EXERCISE GOAL |
The answer must reproduce the listing exactly, with every picture left out.

MATERIAL PROVIDED |
........

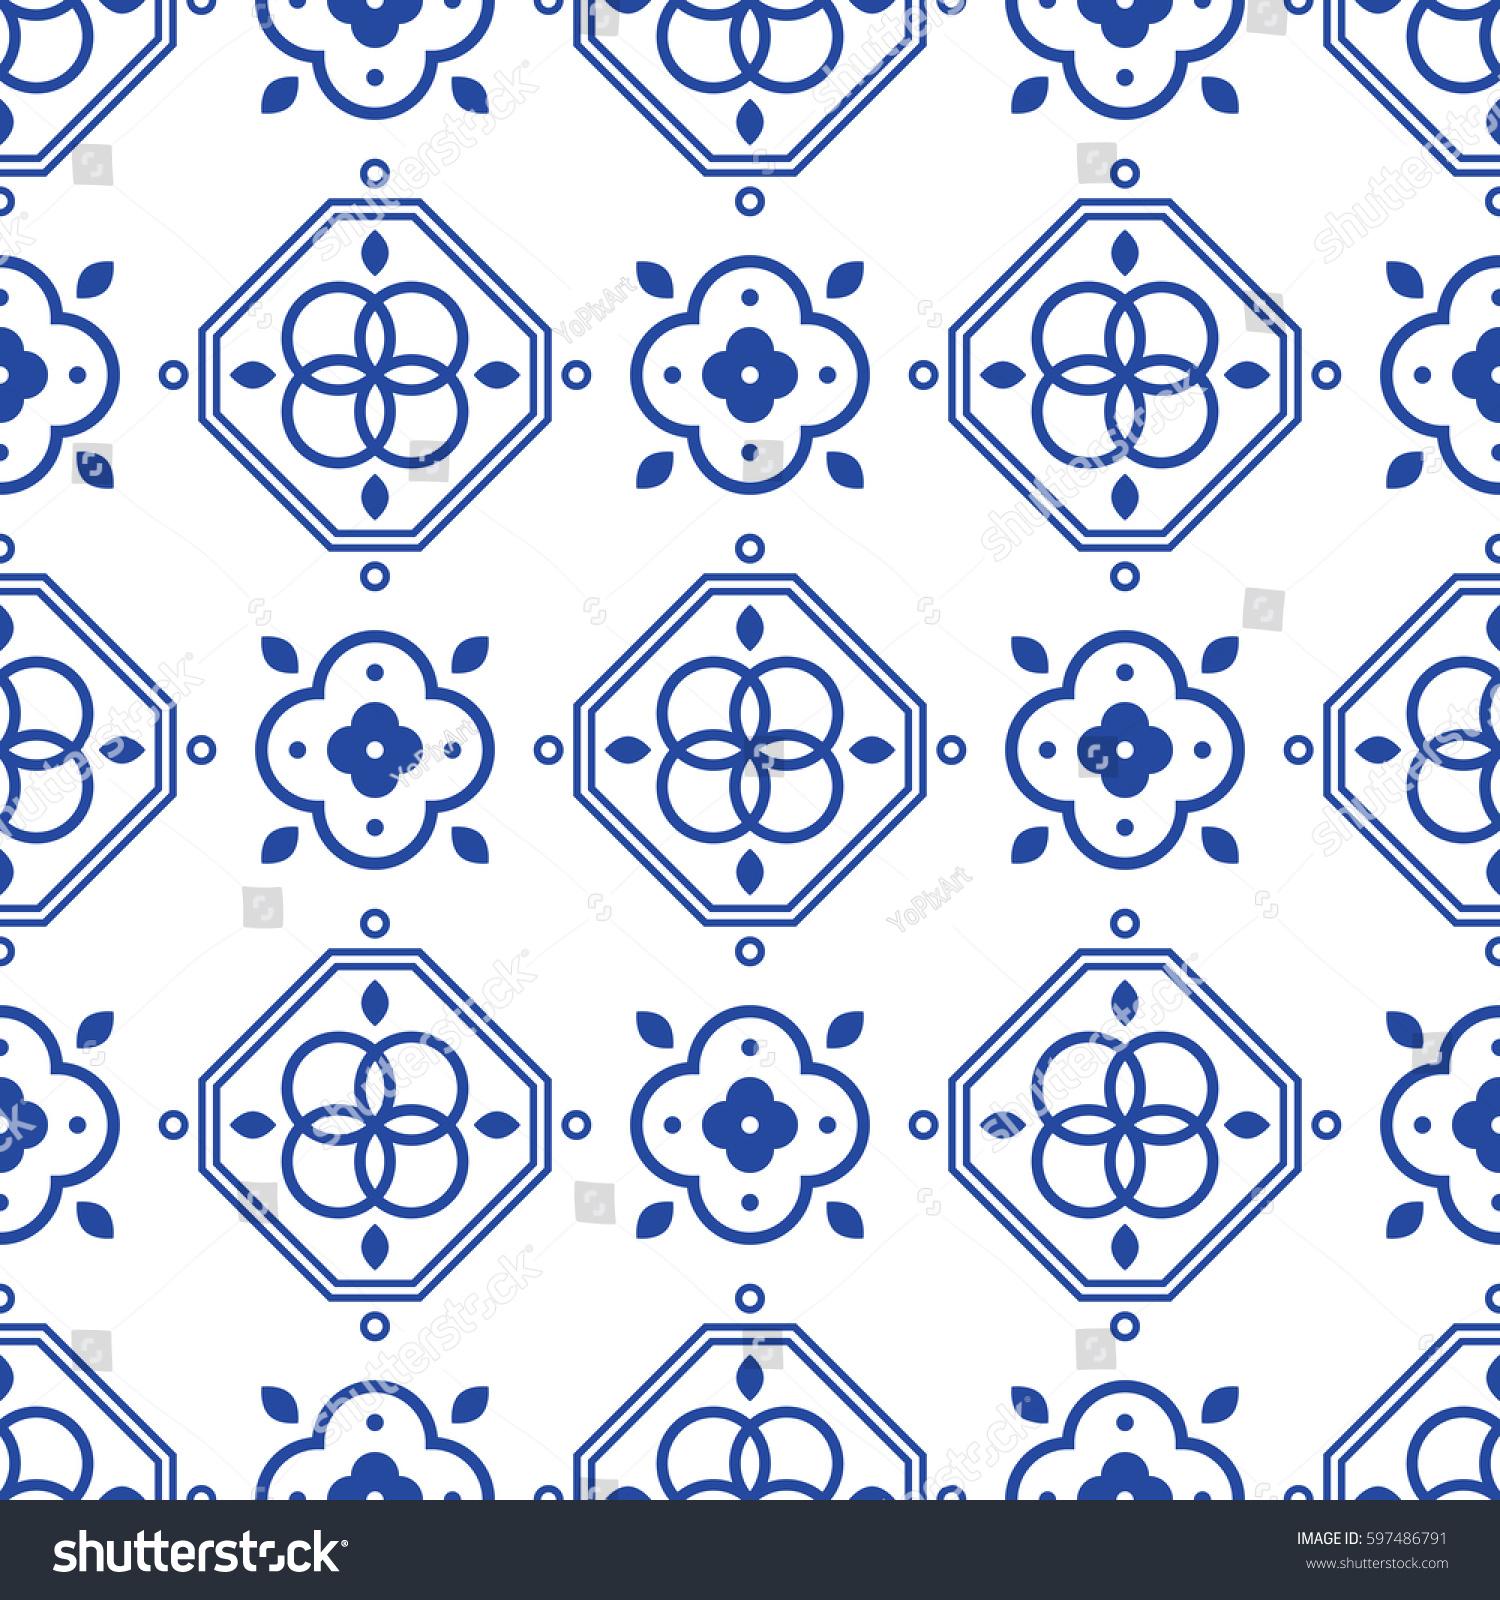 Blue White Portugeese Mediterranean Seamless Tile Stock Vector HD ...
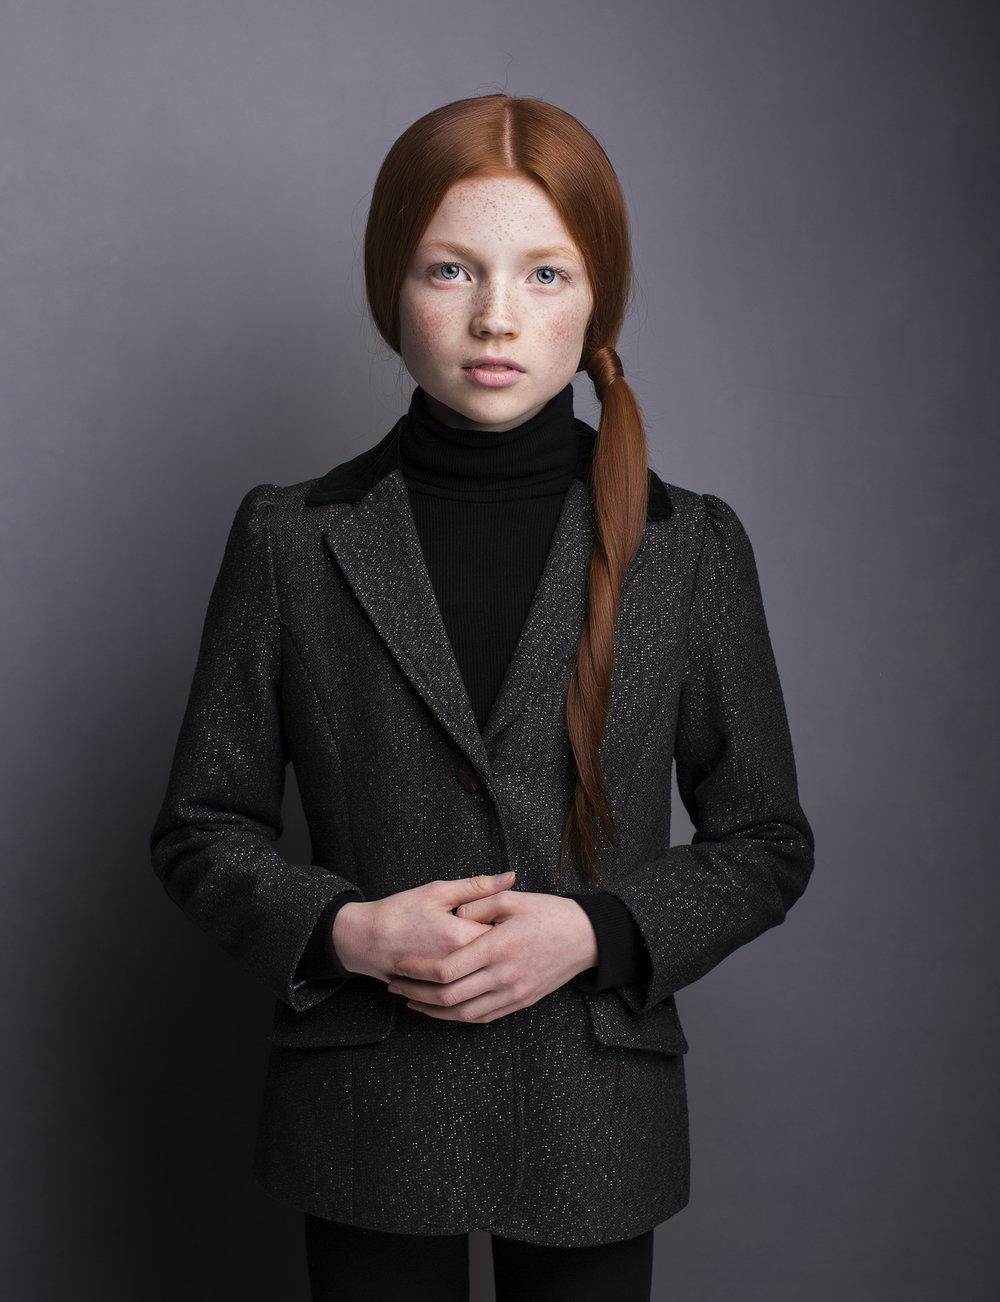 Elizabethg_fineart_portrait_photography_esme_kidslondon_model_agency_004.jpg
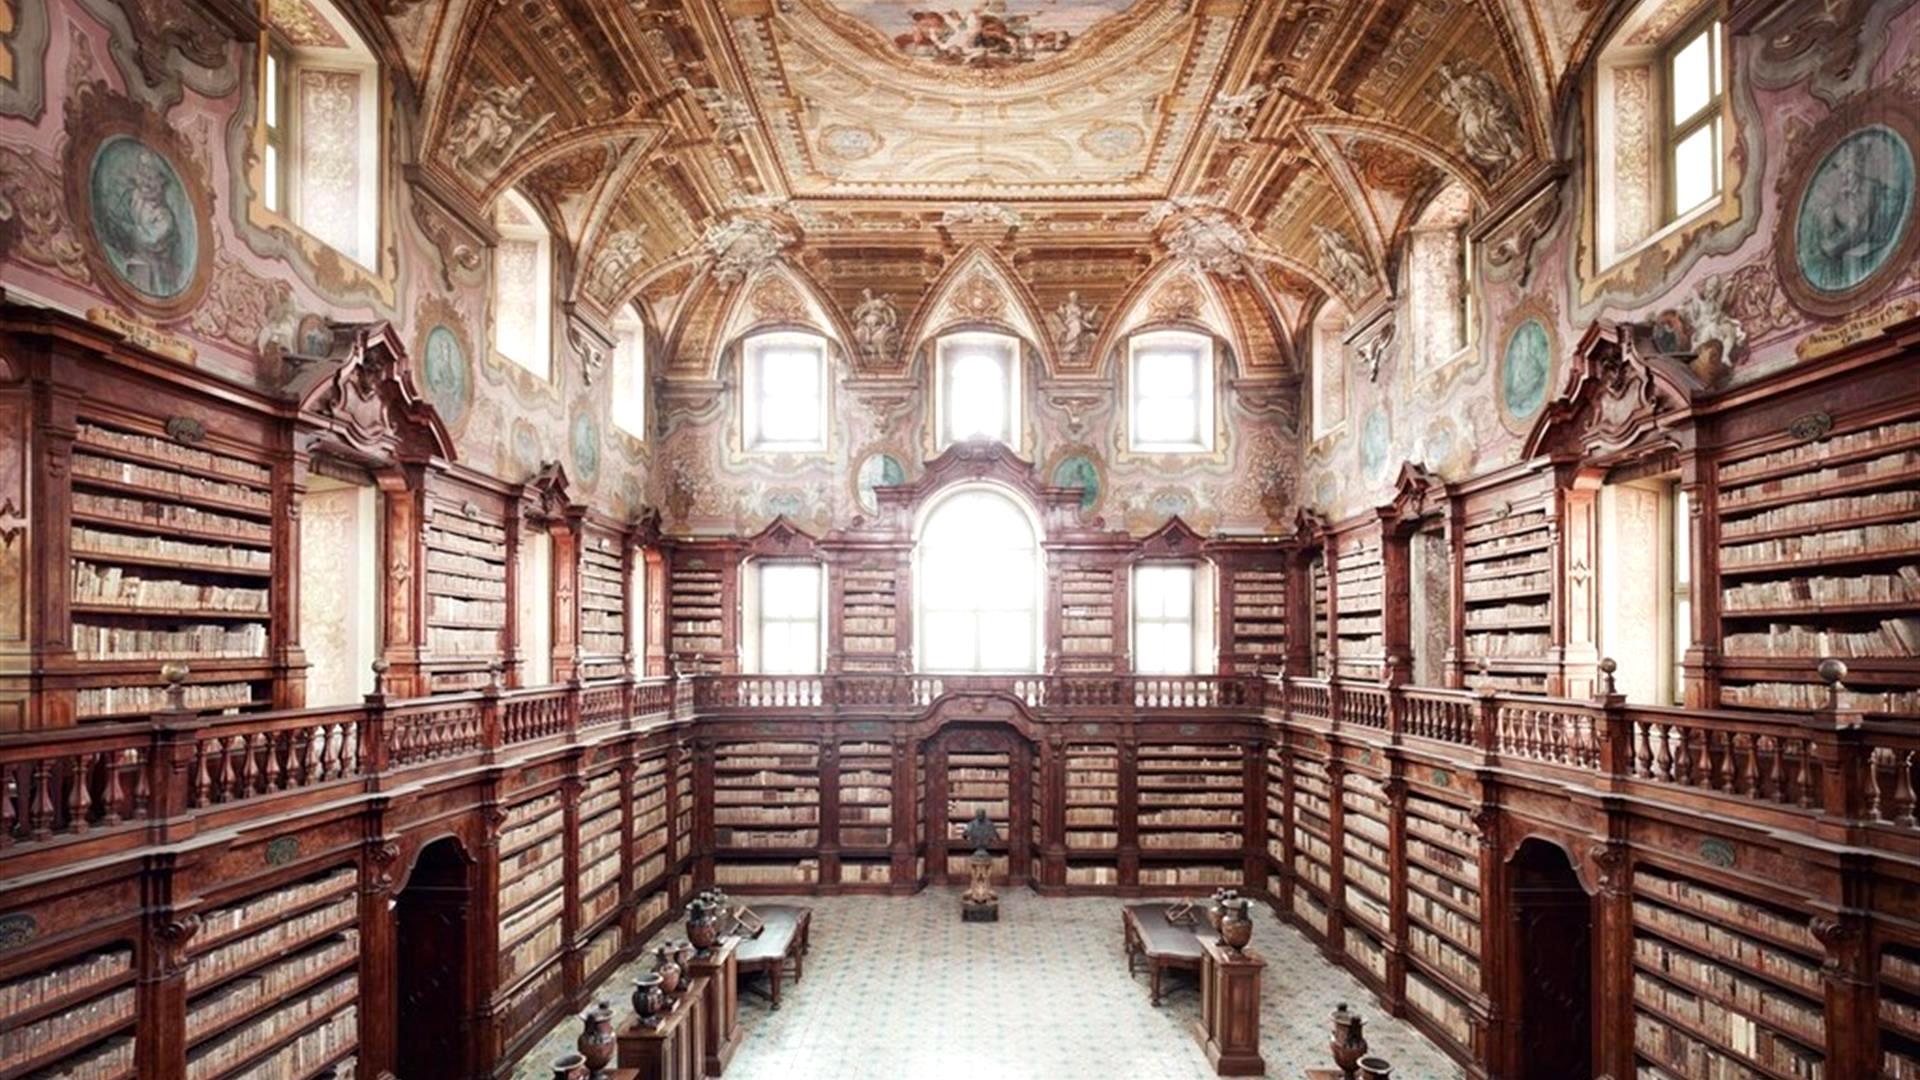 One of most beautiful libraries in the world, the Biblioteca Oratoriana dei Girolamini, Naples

........

REPLY TO THE TASK |
 Blue White Portugeese Mediterranean Seamless Tile Stock Vector HD ...
 Elizabethg_fineart_portrait_photography_esme_kidslondon_model_agency_004.jpg
 One of most beautiful libraries in the world, the Biblioteca Oratoriana dei Girolamini, Naples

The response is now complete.